Rusal’s latest generation technology is RA-500, the cell design for which was completed in 2011. This is claimed to endow further improvements in terms of lower capital and operating expenditures, as well as energy efficiency and environmental performance. The cells operate at 520 kA current with an energy consumption of 13.10 MWh/tonne, each pot producing 3.96 tpd of aluminium. The next stage is to build an RA-500 test area at Sayanogorsk, says a Rusal spokeswoman.

Notwithstanding these advanced pre-bake smelting technologies, Rusal notes that the majority of Russia’s aluminium is produced using the older Søderberg system which is less efficient and emits more pollutants. Accordingly, Rusal has worked on an improved Søderberg process that can be retrofitted to many of its smelters. This resulted in the development of its ‘Clean Søderberg’ technology in 2009, which employs a colloidal anode paste instead of the standard type. This contains a lower concentration of pitch – the main source of tar-related emissions.

Along with an efficient gas removal system and a revamped pot structure, the Clean Søderberg technology is claimed to cut hazardous emissions (including fluoride emissions by 75%), reduce anode consumption by 7% and cut aluminium fluoride consumption by over 30%. Rusal has

introduced the system at its Krasnoyarsk site and plans to extend it to its smelters at Bratsk, Novokuznetsk, Irkutsk and Volgograd.

Rusal is also developing a radically new technology that might be described as a ‘holy grail’ of smelting – the use of inert anodes that contain no carbon. Without carbon, there is no possibility of emissions of carbon dioxide, polyaromatic hydrocarbons or other carbon-related compounds. The main by-product emitted would be oxygen.

In addition, an inert anode would not be consumed like a carbon anode, and so would not need to be regularly replaced.

Rusal highlights the advantages of this technology:– The elimination of greenhouse gas and polyaromatic hydrocarbon emissions– A cut in operating costs via reduced energy and anode consumption– A cut in greenfield project capital expenditure of over 30%.

The company is developing its inert anode technology in Krasnoyarsk, where initial testing is carried out on a pilot scale.

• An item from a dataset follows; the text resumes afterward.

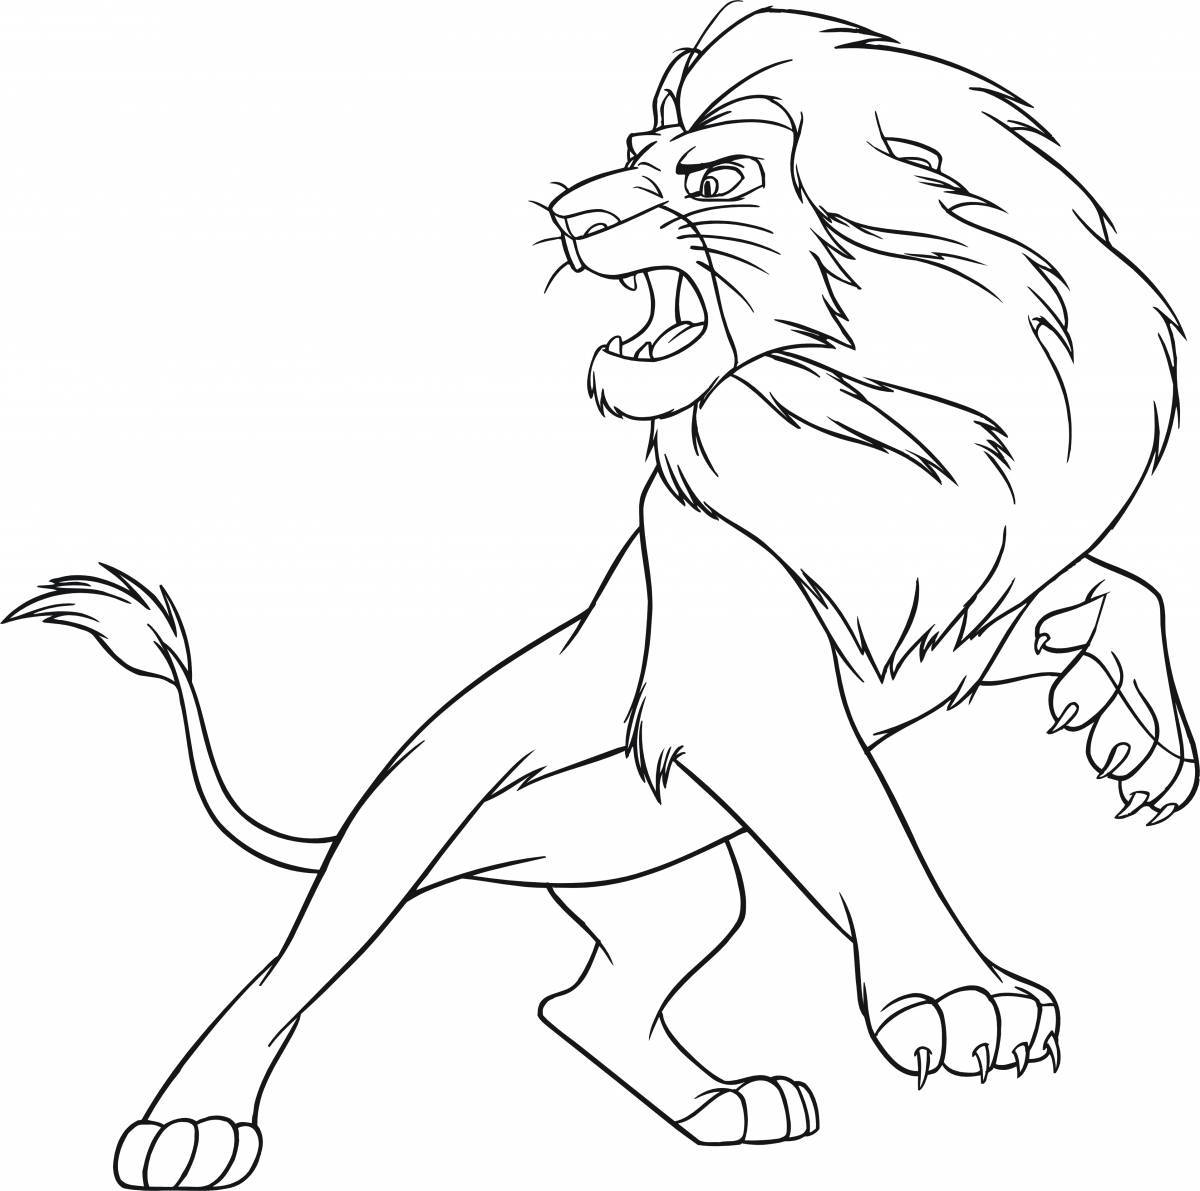 Lion #1

This year, Rusal has succeeded in reducing the anode-related impurity levels in the aluminium to 0.58% – a six-fold improvement over earlier results. “Rusal has also achieved one of the best results in the world on the corrosion rate of the inert anode,” says the spokeswoman, who adds that industrial-scale trials are planned for 2015. These will take at least 1.5 years, and commercial decisions on the technology will be taken after that period.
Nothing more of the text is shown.